◆ EXERCISE:
The answer is the exact run of lines in the listing below from the line containing "A 1990s vibrant" up to and including the line containing "Excellent condition and very comfortable.", with pictures removed.

◆ INFORMATION SHOWN:
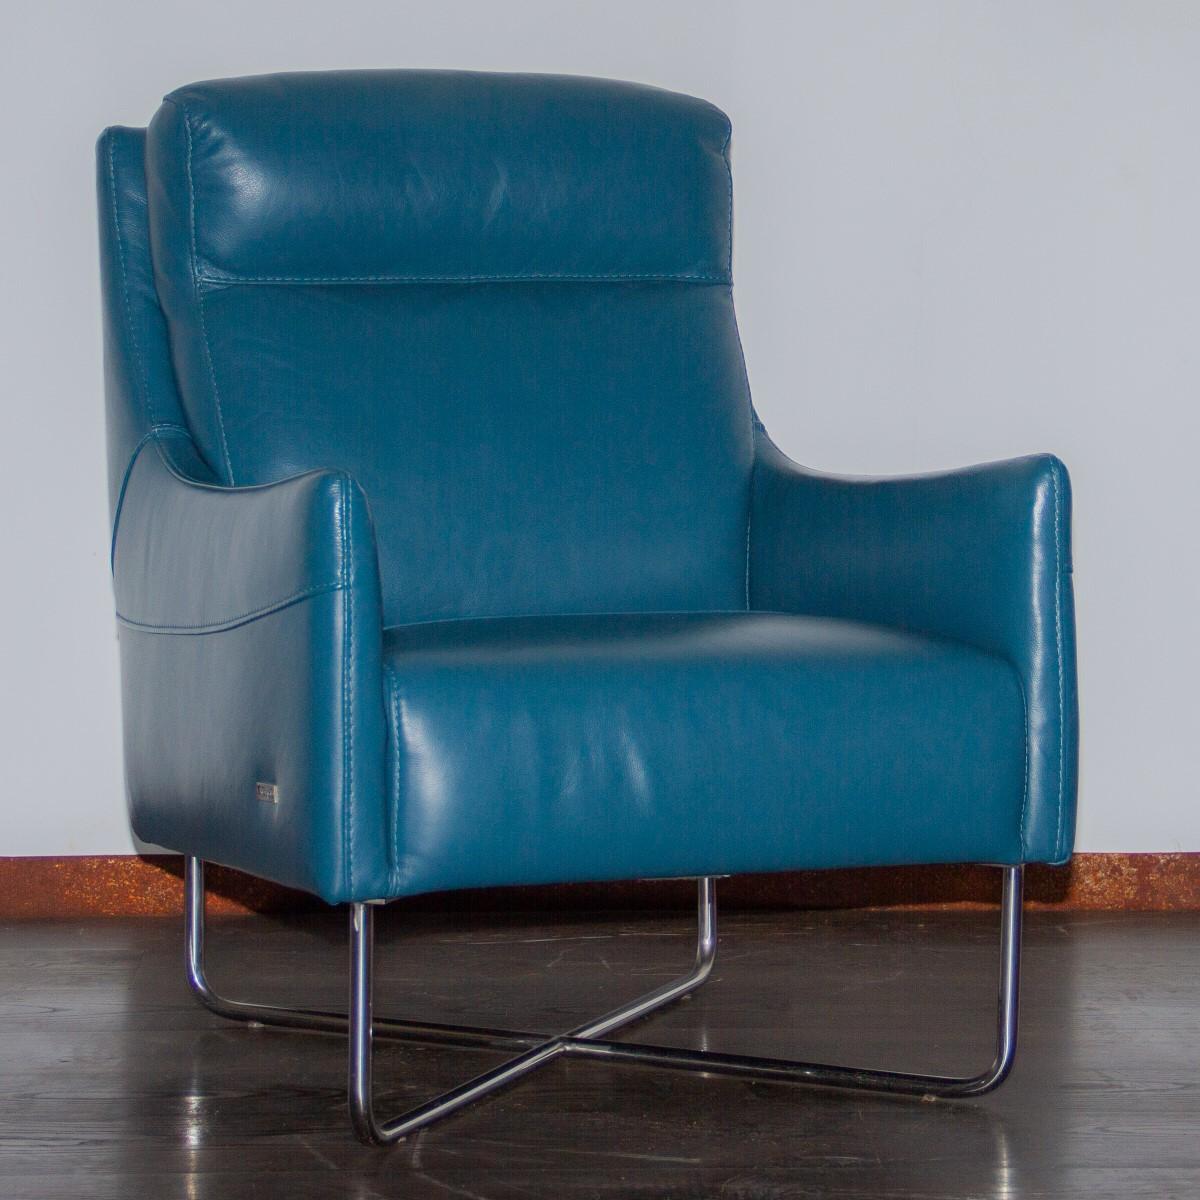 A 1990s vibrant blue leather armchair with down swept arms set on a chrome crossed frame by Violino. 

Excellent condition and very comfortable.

---

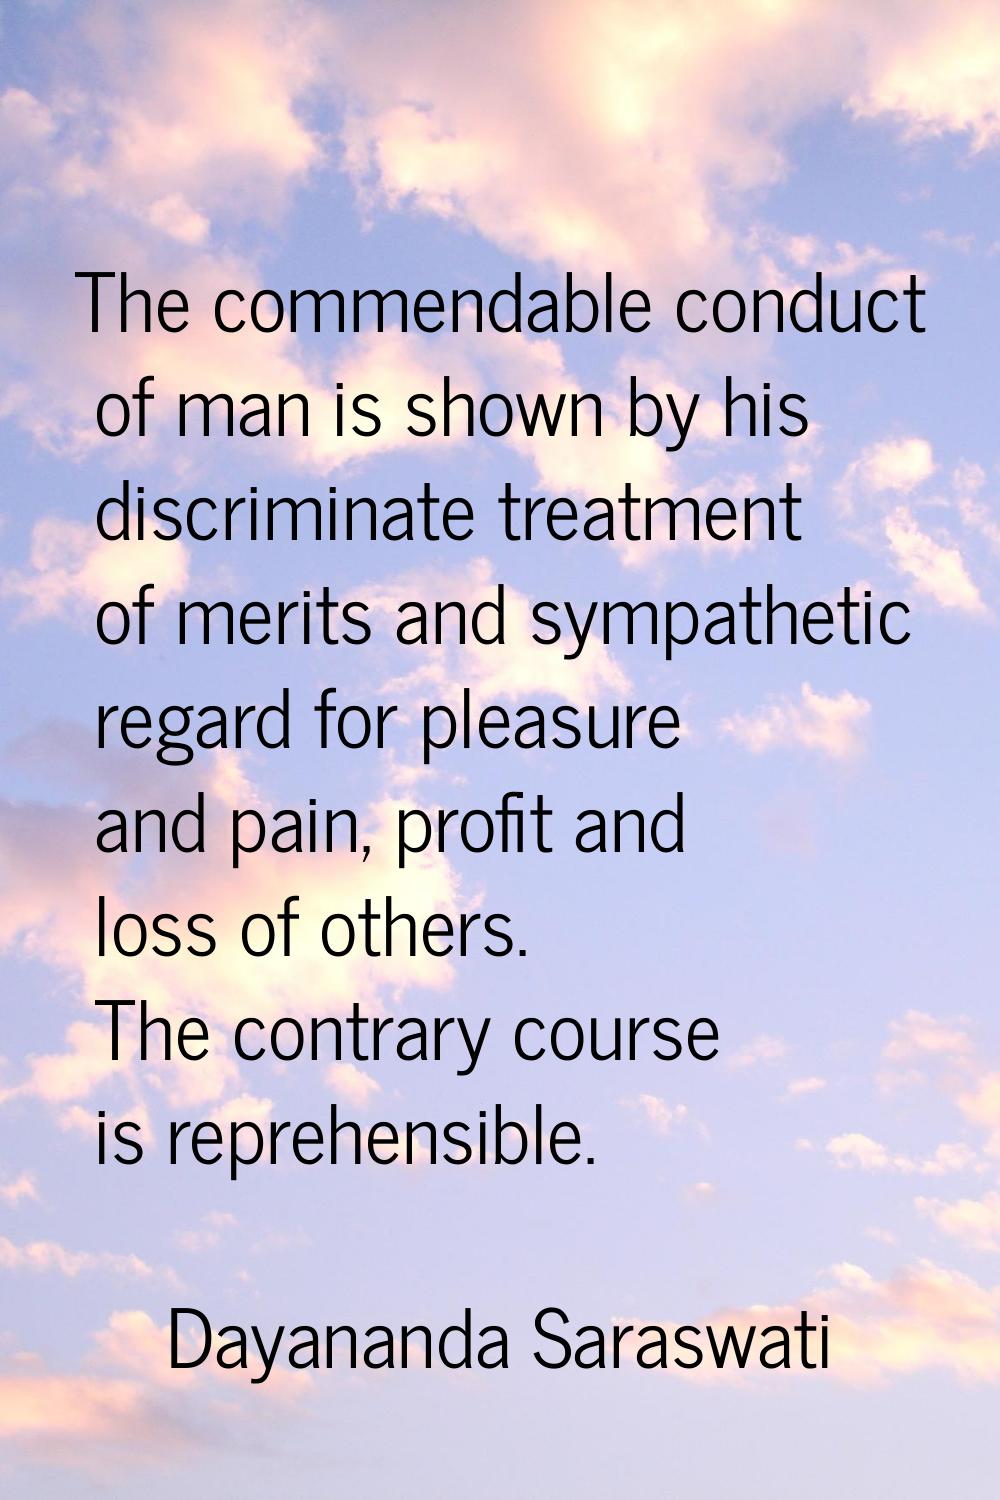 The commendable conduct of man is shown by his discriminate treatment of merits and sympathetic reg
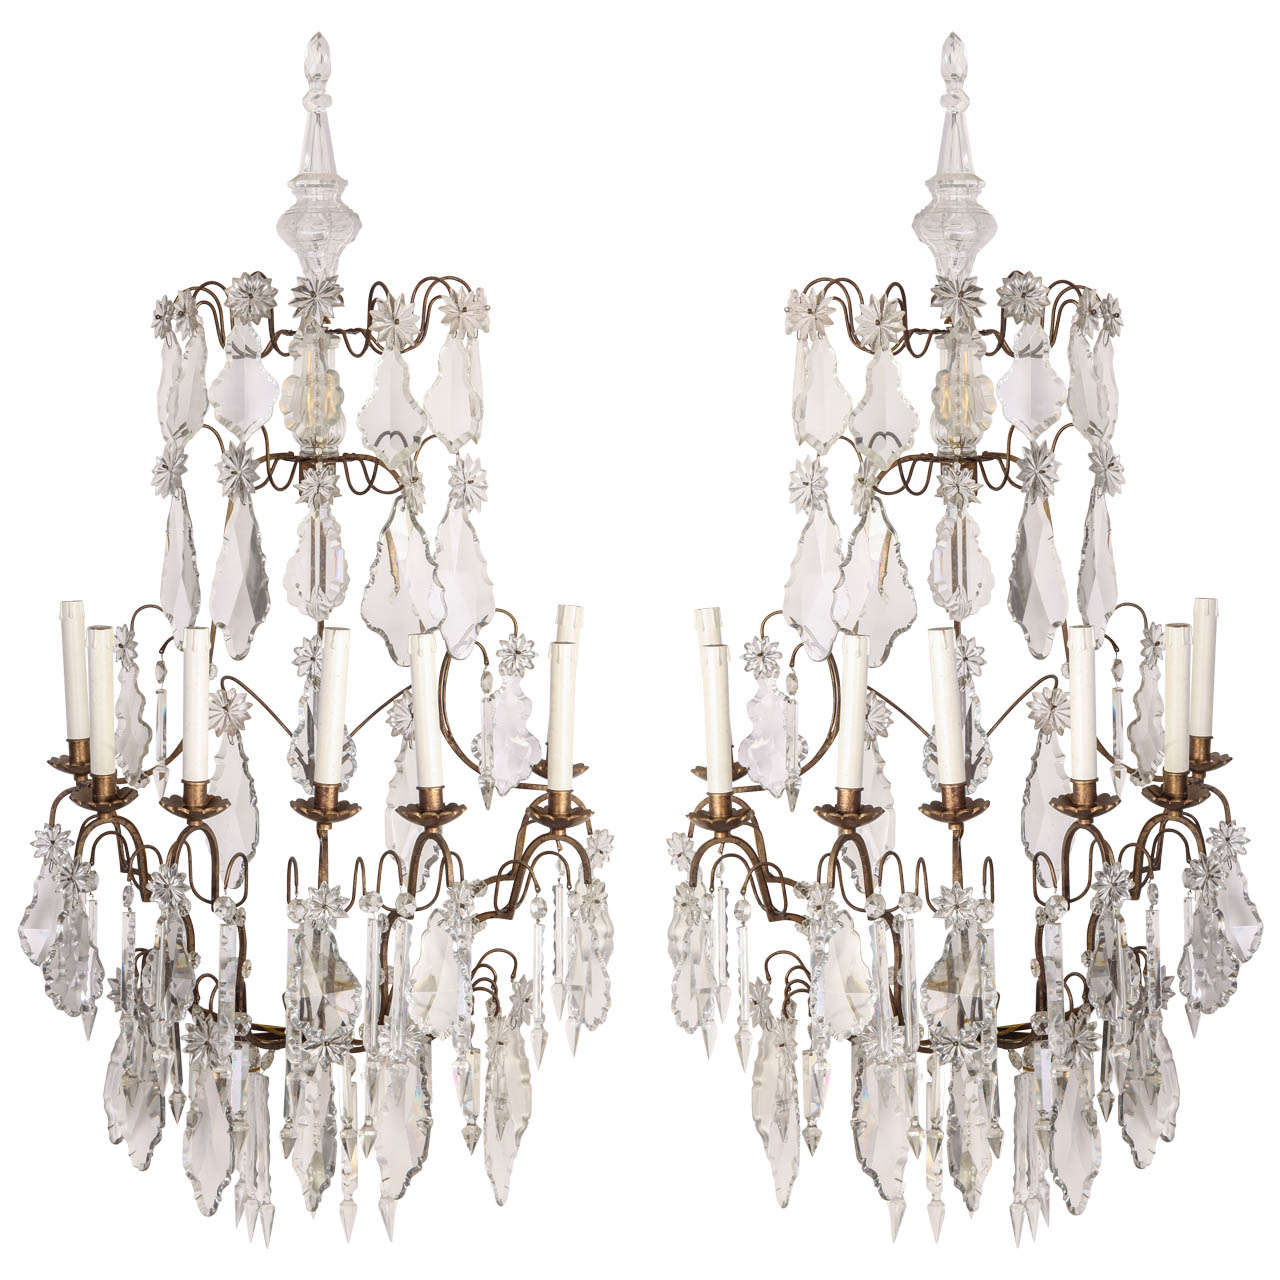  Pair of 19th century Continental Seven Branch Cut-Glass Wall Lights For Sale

◆ ANSWER FOR THE TASK:
 A 1990s vibrant blue leather armchair with down swept arms set on a chrome crossed frame by Violino. 

Excellent condition and very comfortable.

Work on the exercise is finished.